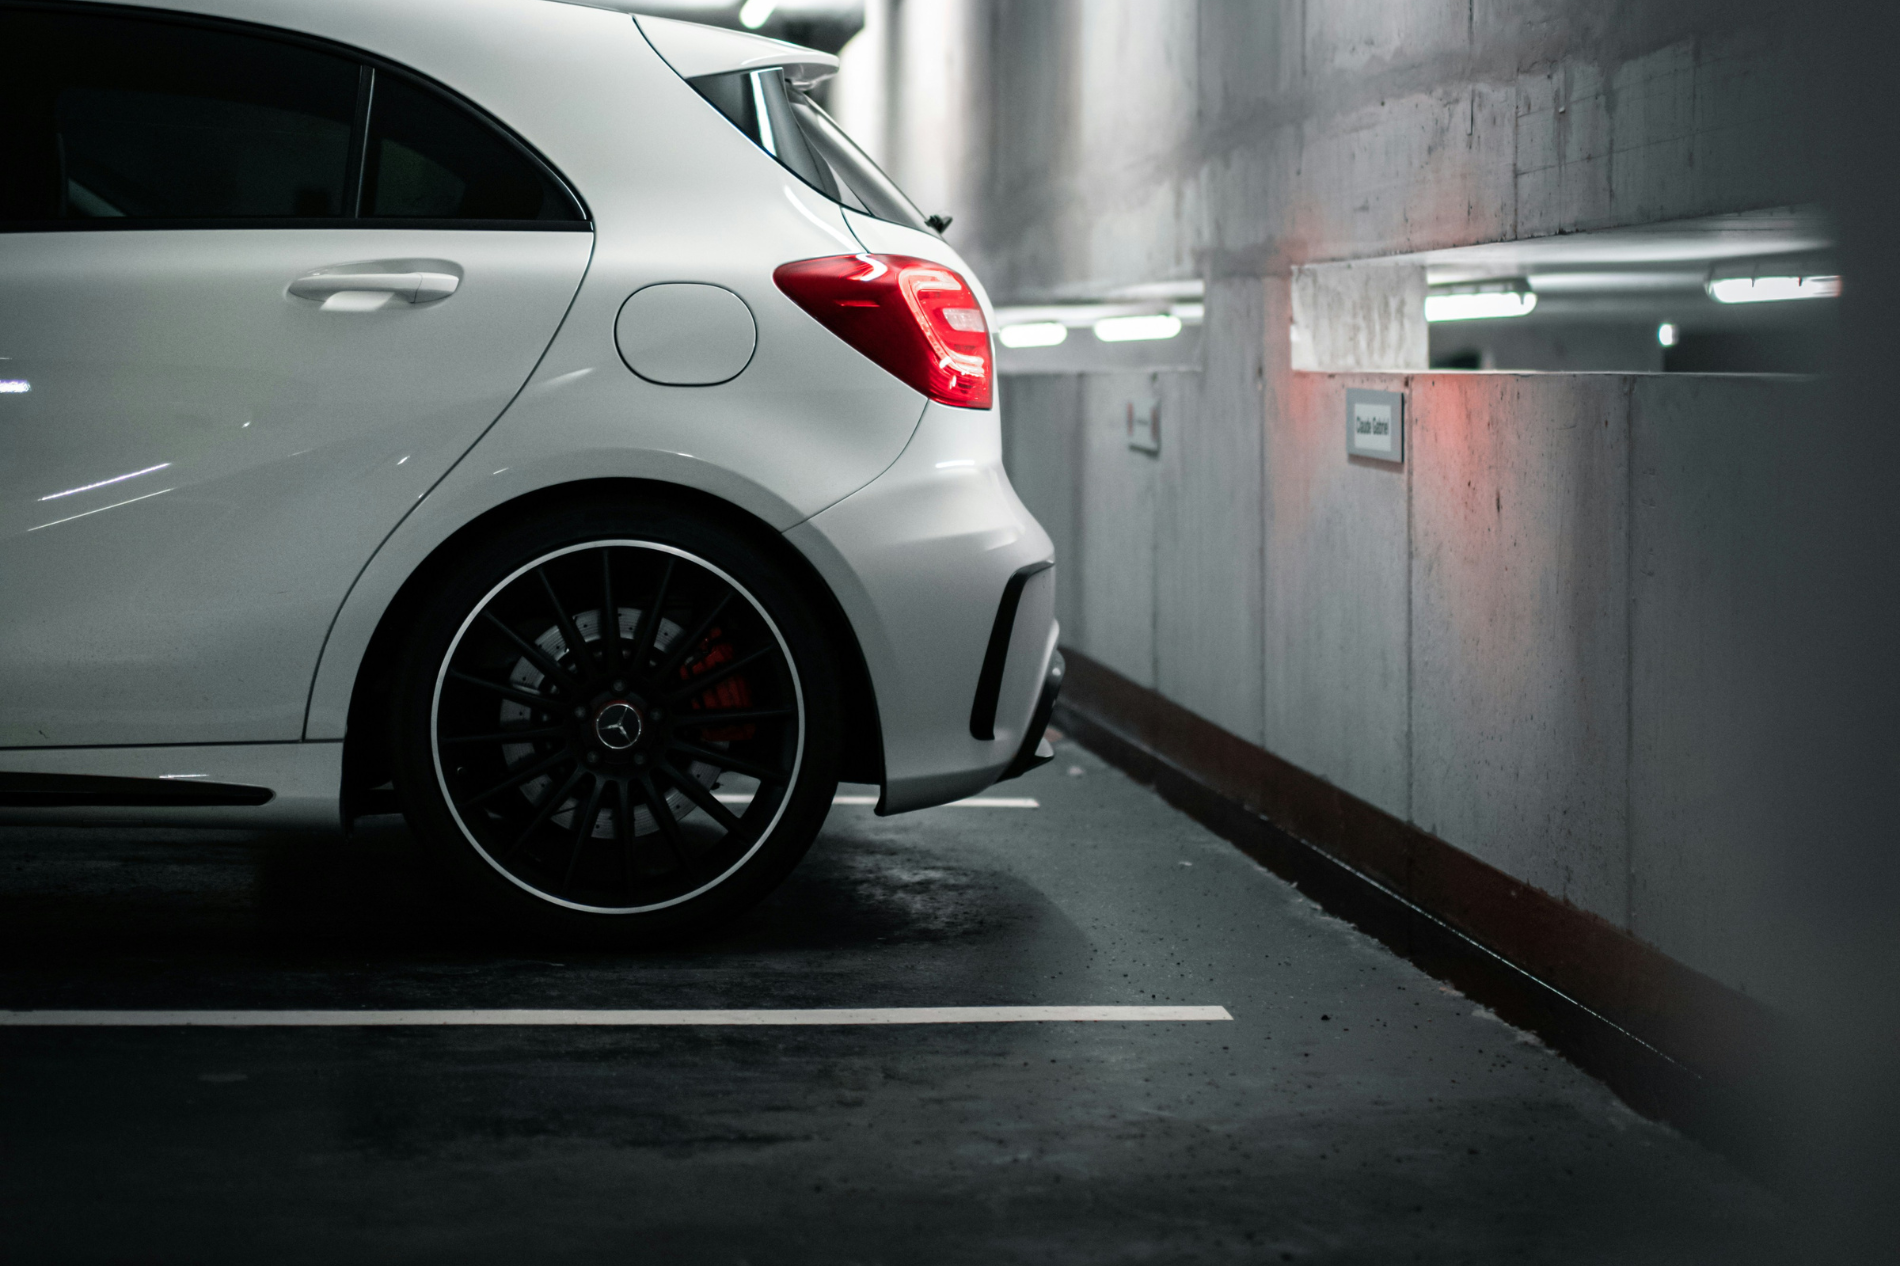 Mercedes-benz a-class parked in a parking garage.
...
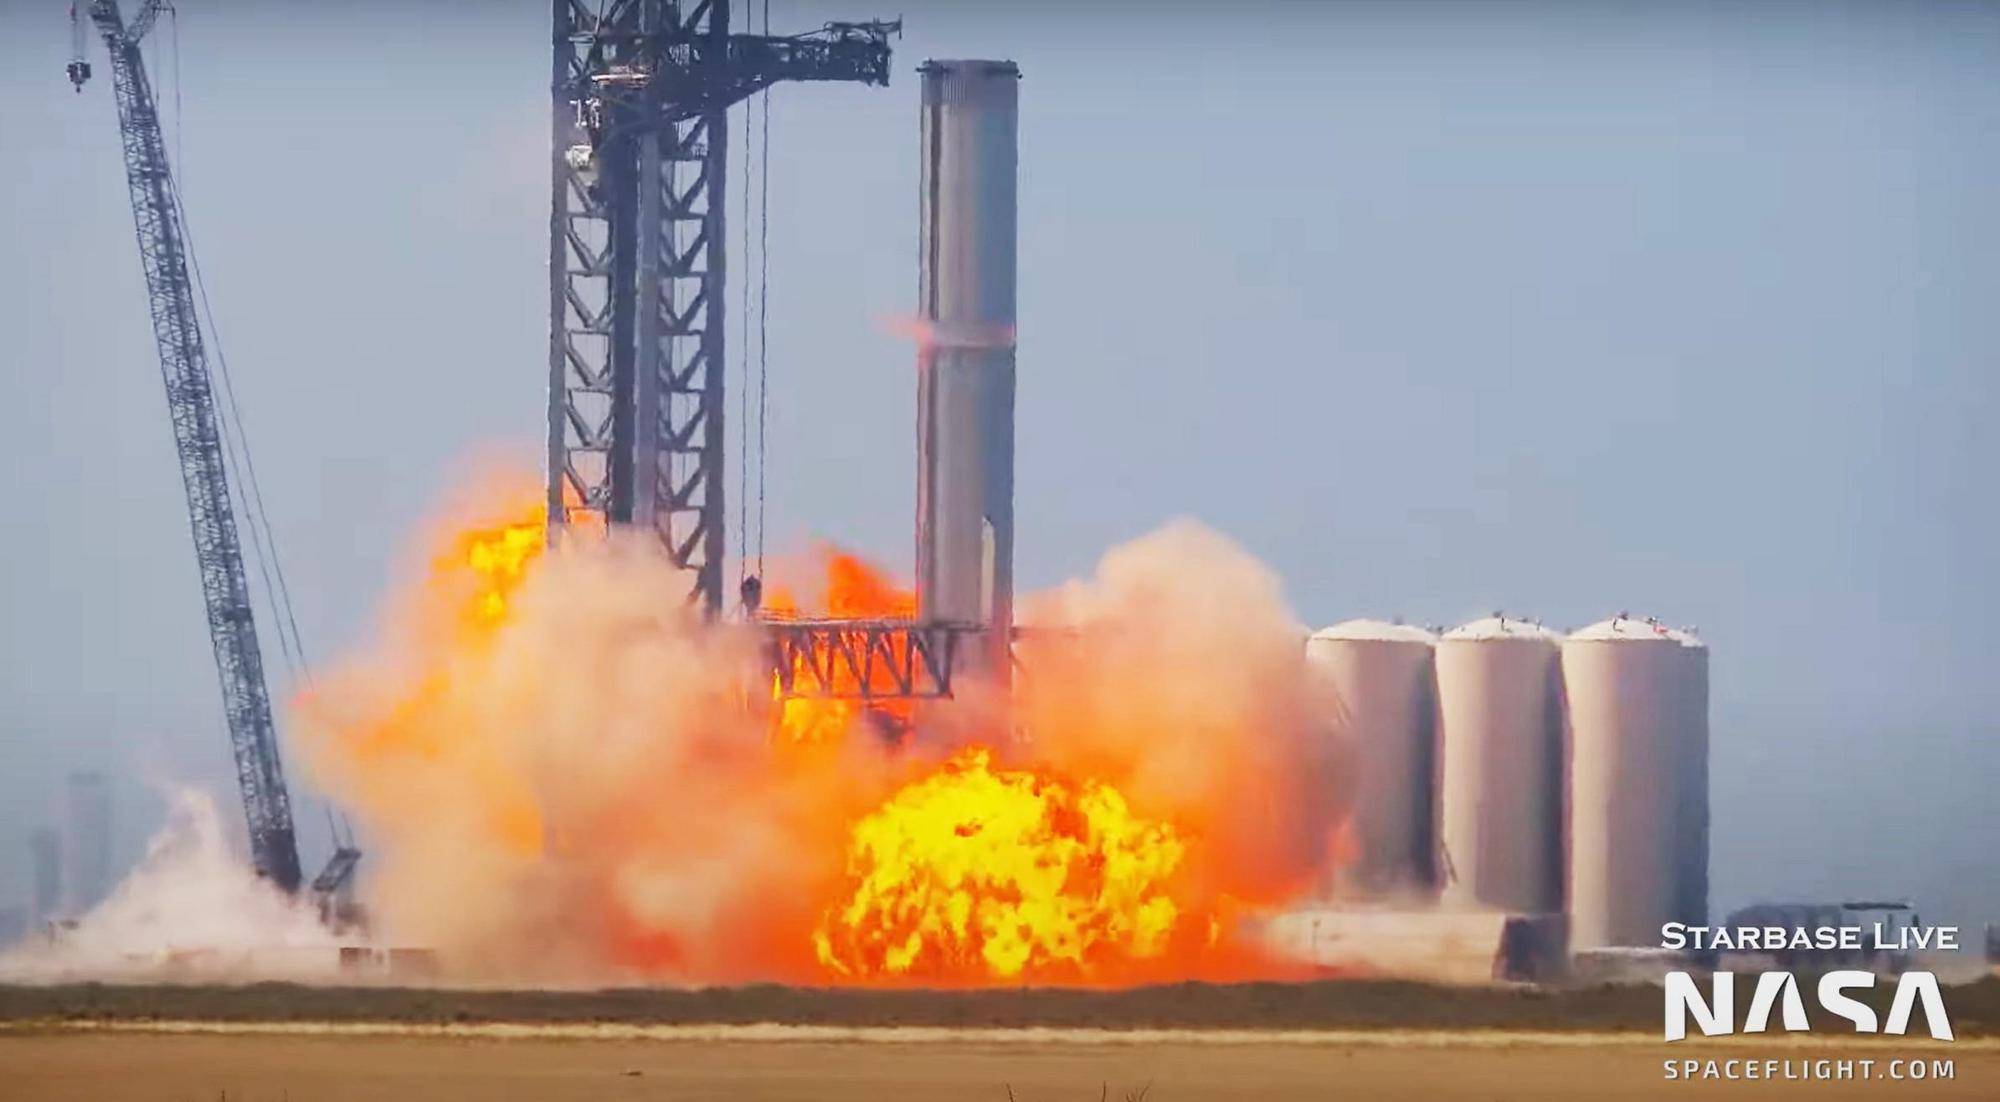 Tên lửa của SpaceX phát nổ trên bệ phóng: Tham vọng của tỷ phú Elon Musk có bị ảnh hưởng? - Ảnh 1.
* * *
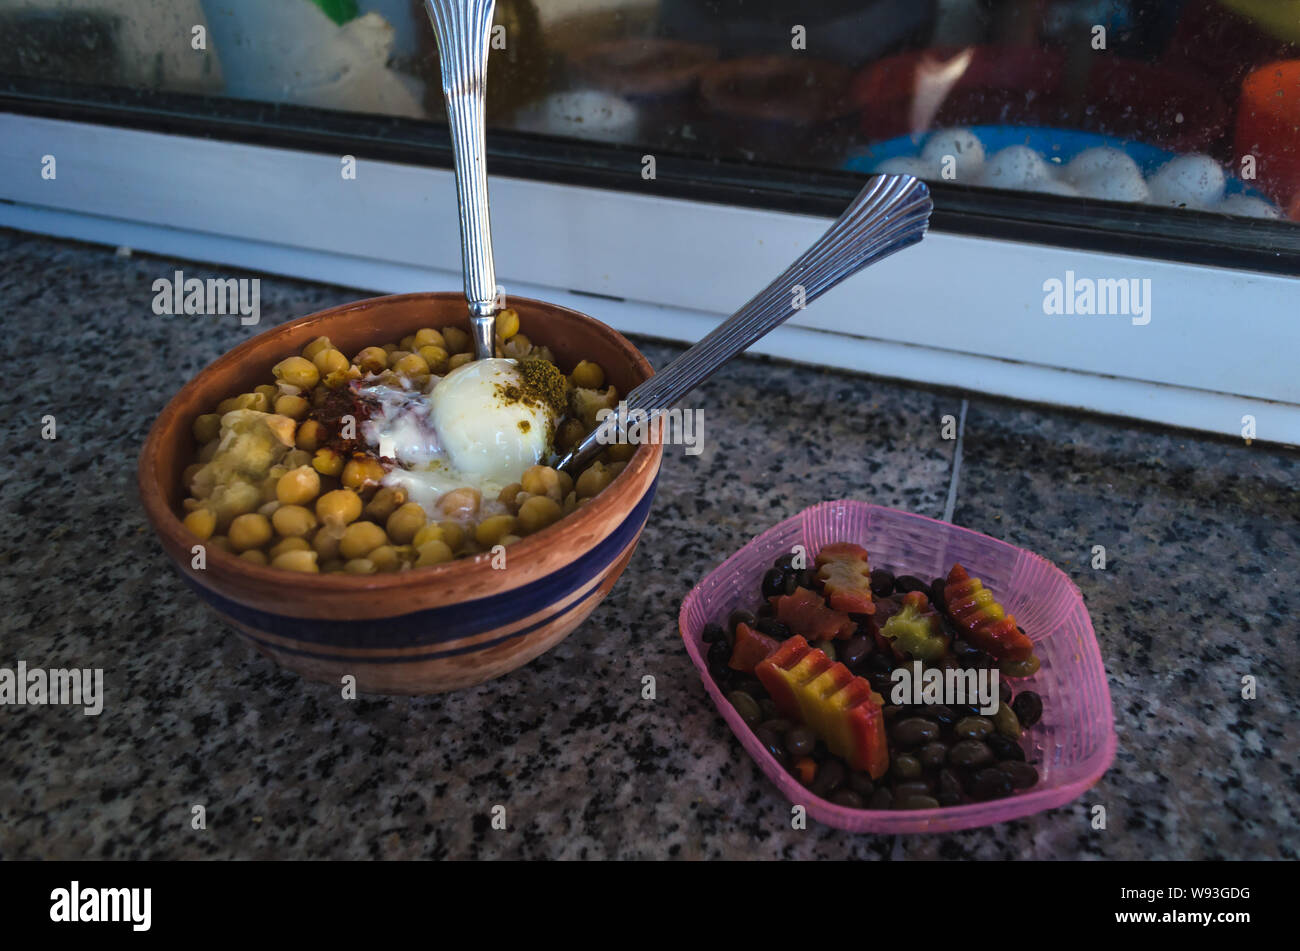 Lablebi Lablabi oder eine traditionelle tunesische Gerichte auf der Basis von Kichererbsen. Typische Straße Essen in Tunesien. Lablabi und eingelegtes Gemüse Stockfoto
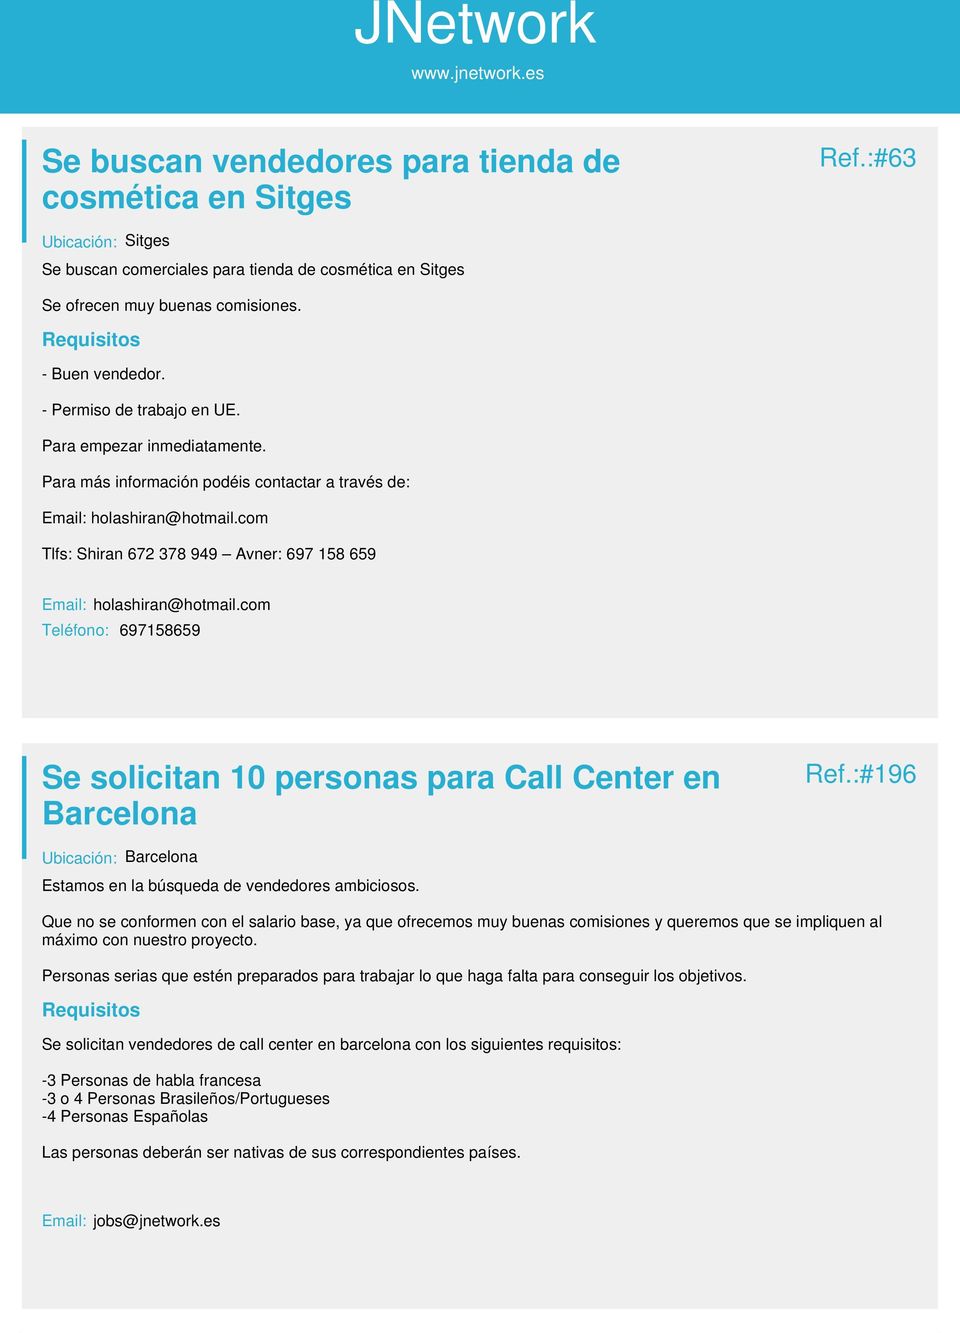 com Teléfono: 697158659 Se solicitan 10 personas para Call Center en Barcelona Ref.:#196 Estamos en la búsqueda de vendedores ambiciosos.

▶ [Work item]: In the material above, which lines fall between the one holding "Lablebi Lablabi oder" and the one holding "com Teléfono: 697158659", inclusive? Print exactly those, with the pictures left out.

▶ [Solution to this task]:
 Lablebi Lablabi oder eine traditionelle tunesische Gerichte auf der Basis von Kichererbsen. Typische Straße Essen in Tunesien. Lablabi und eingelegtes Gemüse Stockfoto
 com Teléfono: 697158659 Se solicitan 10 personas para Call Center en Barcelona Ref.:#196 Estamos en la búsqueda de vendedores ambiciosos.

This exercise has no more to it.